Davide Donati, une histoire de passage de témoin avec Filippo Ganna

Crédit photo Etienne Rycek - DirectVelo

Crédit photo Etienne Rycek - DirectVelo

Il fallait remonter à 2016 pour trouver un Italien vainqueur de Paris-Roubaix Espoirs. Un certain Filippo Ganna. Et l'histoire était presque écrite pour que Davide Donati soit son successeur. "Par une ironie du sort, je l'ai rencontré à l'aéroport de Linate parce que nos vols avaient tous les deux été annulés. J'ai donc pu discuter un peu avec lui. Je l'avais déjà rencontré et je dois dire qu'il m'a transmis beaucoup de sérénité quand nous avons parlé. Car je suis arrivé ici un peu comme favori des pronostics", révèle le coureur de Red Bull-BORA-Hansgrohe Rookies.


« JE N'AI JAMAIS FAIT DE PISTE »

Mais Davide Donati n'a pas voulu être passif durant la journée. "C’est parti dans une échappée, des petits groupes se sont formés et finalement un gros groupe d'une dizaine d'unités s'est créé. J'essayais de rester un peu dans les roues, de suivre les autres tentatives d'échappée parce que j'avais quand même deux coéquipiers devant. Finalement, on a réussi à se regrouper tous dans le Carrefour de l'Arbre. Ensuite, j'ai eu un coéquipier qui a roulé du Carrefour jusqu'ici, au vélodrome, pour maintenir un gros rythme", raconte-t-il.

À l'aise au sprint, Davide Donati était conscient d'avoir une carte à jouer en cas d'arrivée groupée. "Je sais que je suis rapide. Mais je n'ai jamais fait de piste, donc c'était la deuxième fois dans un vélodrome après l'année dernière. Au final, je l'ai abordé comme un sprint normal. Je suis resté devant, j'étais sûr de moi et j'ai lancé quand j'ai pensé que c'était le bon moment. Et ça s'est bien passé pour un rien", sourit celui qui a été couronné à l'aide de la photo finish, face à Seth Dunwoody. "C'est magnifique, c'est une vraie libération".

« UNE COURSE UN PEU ÉTRANGE, D'AMOUR ET DE HAINE »

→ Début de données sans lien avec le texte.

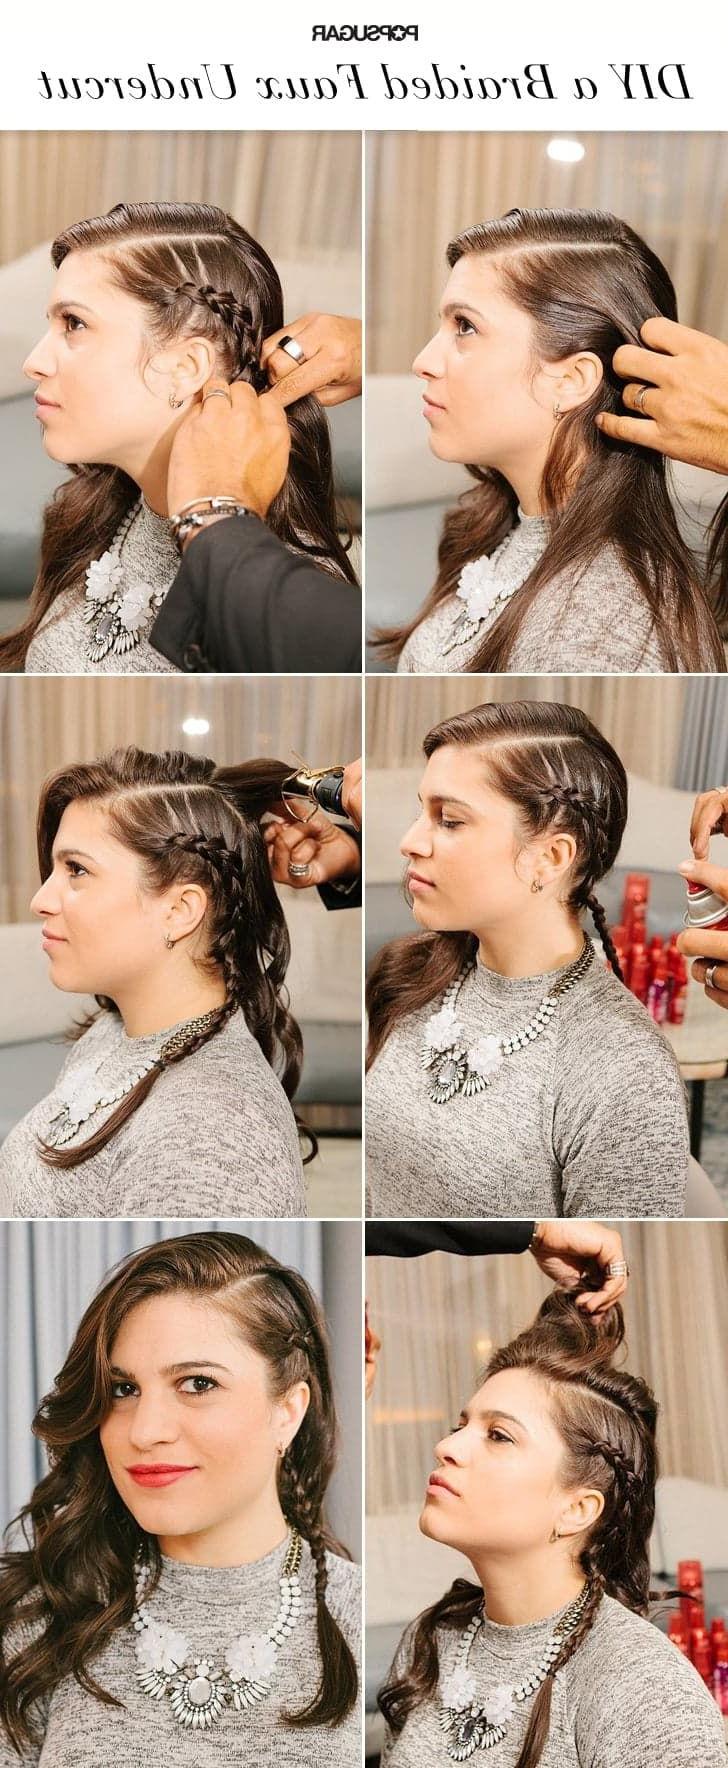 2019 Faux Undercut Braid Hairstyles Throughout Diy A Kristen Stewart Inspired Faux Braided Undercut (View 3 of 20)

Surtout que l'année dernière, l'Italien n'avait pas pu montrer ses vraies qualités. "Ça ne s'était pas bien passé. Au final, j'ai compris qu'il fallait s'entraîner un peu sur ces pavés avant de pouvoir gagner. Puis il y a eu cet échange avec Filippo qui m'a aidé à mieux vivre les jours précédents". Car même s'il est plutôt catégorisé sprinteur, Davide Donati ne veut pas de cette étiquette. "Je n'aime pas l'adjectif "sprinteur" parce que je ne suis pas que ça. Je veux prouver que je suis bien plus. Aujourd'hui, j'ai prouvé que je suis aussi un coureur de Classiques. J'ai encore à me découvrir".

Le garçon de Brescia a un bagage technique pour ce type de courses. "J'ai grandi dans le VTT depuis que je suis petit, puis je suis passé à la route chez les Cadets. Je grandis d'année en année, je pense que c'est le bon chemin", se réjouit le double vainqueur d'étape au Tour de Sardaigne. Davide Donati espère avoir débuté une histoire d'amour avec L'Enfer du Nord. "C'est une course un peu étrange, d'amour et de haine, plaisante-t-il. Mais aujourd'hui j'en ai profité au maximum. J'avais des jambes fantastiques, une équipe fantastique et tout s'est très bien passé". Comme depuis le début de saison.